Catholic Church in Dublin Covered Up Abuse

Dublin, Ireland - The Roman Catholic Church in Dublin covered up decades of child abuse committed by priests because bishops wanted to protect the church's reputation at the expense of victims, an expert commission reported Thursday after a three-year probe into previously secret church records.

Abuse victims said they welcomed publication of the probe into the mishandling of 1975-2004 child-abuse cases in the Dublin Archdiocese, home to a quarter of Ireland's 4 million Catholics. But they said government and church leaders still had far to go to compensate for past wrongs.

The government said the investigation "shows clearly that a systemic, calculated perversion of power and trust was visited on helpless and innocent children in the archdiocese."

"The perpetrators must continue to be brought to justice, and the people of Ireland must know that this can never happen again," said the government, which also apologized for the state's failure to hold church authorities accountable to the law.

This is the second major government-ordered report this year exploring how and why Irish authorities permitted widespread abuse of boys and girls at the hands of the Catholic Church throughout most of the 20th century, the gravest scandal in the history of independent Ireland.

Thursday's 720-page report - delivered to the government in July - analyzes the cases of 46 priests against whom 320 complaints were filed. The 46 were selected from more than 150 Dublin priests implicated in molesting or raping boys and girls since 1940.

The report named 11 priests because they all were convicted of child abuse. But 33 others were referred to only by one-name aliases, and two others had their names blanked out after the Dublin High Court ruled that publication would prejudice their chances of receiving a fair criminal trial.

Investigators spent three years poring over 60,000 previously secret Dublin church files. They were handed over by Dublin Archbishop Diarmuid Martin, a veteran Vatican diplomat appointed to Dublin in 2004 with a brief to confront the scandal once and for all. Among the files were more than 5,500 that Martin's predecessor, retired Cardinal Desmond Connell, tried to keep locked in the archbishop's private vault.

The investigators, led by a judge and two lawyers, said they had no doubt that the 46 priests were responsible for abusing many more than 320 children.

"One priest admitted to sexually abusing over 100 children, while another accepted that he had abused on a fortnightly basis during the currency of his ministry which lasted for over 25 years," they wrote.

They said it was not their job to confirm the scale of abuse cases, but "it is abundantly clear ... that child sexual abuse by clerics was widespread throughout the period."

The commission found that three archbishops of Dublin - John Charles McQuaid (1940-72), Dermot Ryan (1972-84) and Kevin McNamara (1985-87) - did not tell police about clerical abuse cases, instead opting to avoid public scandals by shuttling offenders from parish to parish.

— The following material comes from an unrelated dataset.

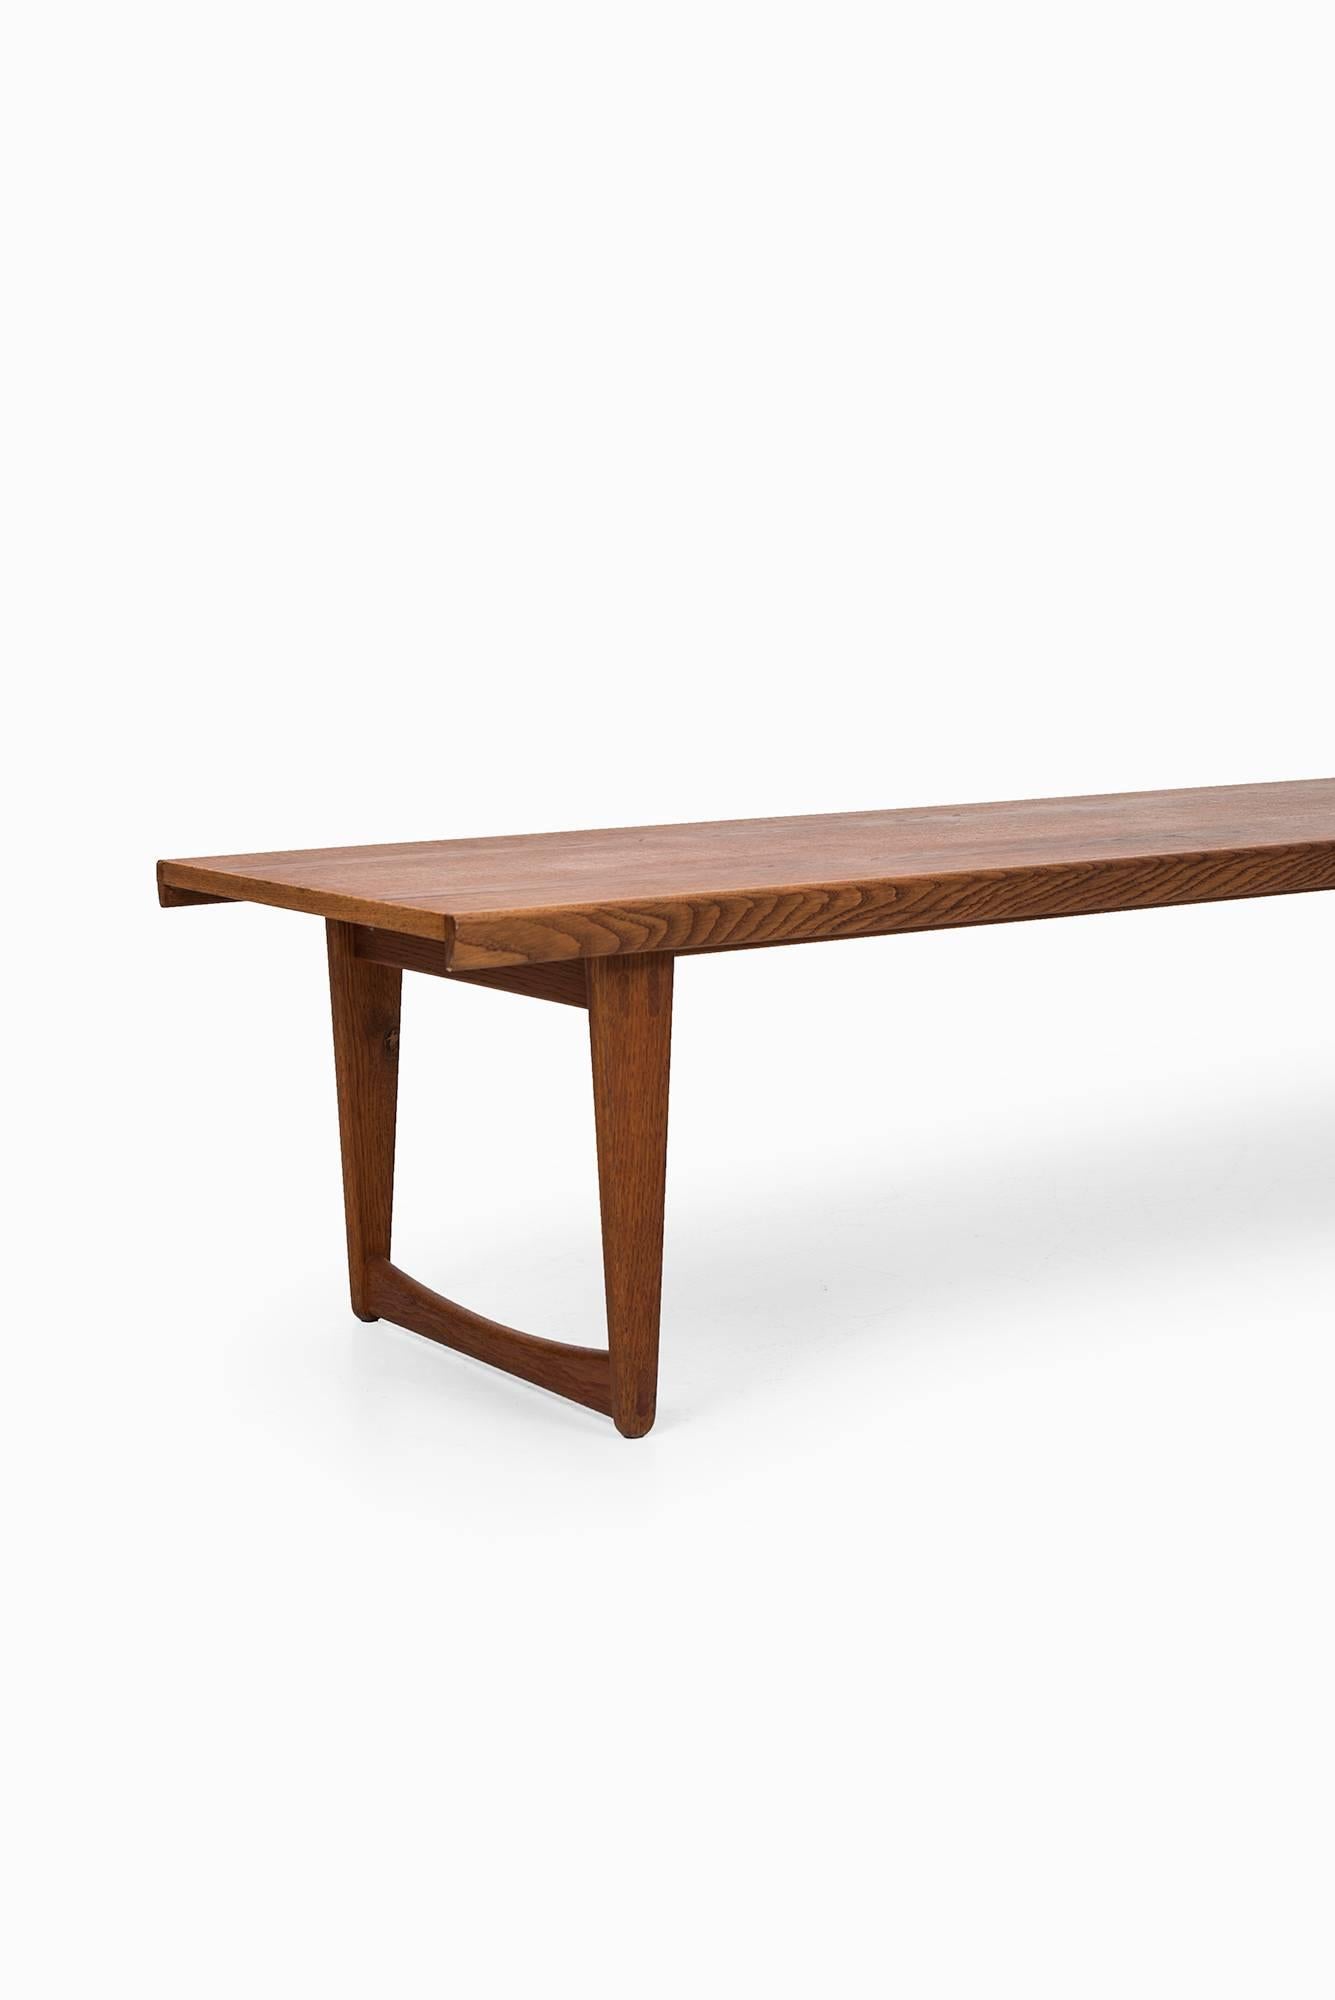 Oak Yngve Ekström side table / bench produced by Westbergs in Sweden

It was not until 1995, seven years into his reign, that then-Archbishop Connell allowed police to see church files on 17 clerical abuse cases. The documents were kept in a secret, locked vault in the archbishop's Dublin residence.

Records show Connell actually had records of complaints against at least 29 priests at the time.

The report rejected the bishops' key claim that they were ignorant of both the scale and criminality of priests' abuse of children. It dug up a documentary trail showing that the Dublin Archdiocese negotiated a 1987 insurance policy for future legal costs of defending lawsuits and compensation claims.

The investigators said McNamara, Ryan and McQuaid knew about at least 17 priests linked to child abuse in their archdiocese when that policy went into effect.

"The taking out of insurance was an act proving knowledge of child sexual abuse as a potential major cost to the archdiocese and is inconsistent with the view that archdiocesan officials were still `on a learning curve' at a much later date, or were lacking in appreciation of the phenomenon of clerical child sex abuse," the report said.

In May, the government published an investigation into decades of child abuse in Catholic-run schools, workhouses and orphanages. That probe also found that thousands of boys and girls suffered rape, beatings and mental abuse by members of Catholic religious orders. More than 12,000 of those victims already have received compensation payments from a government panel exceeding euro800 million ($1.2 billion).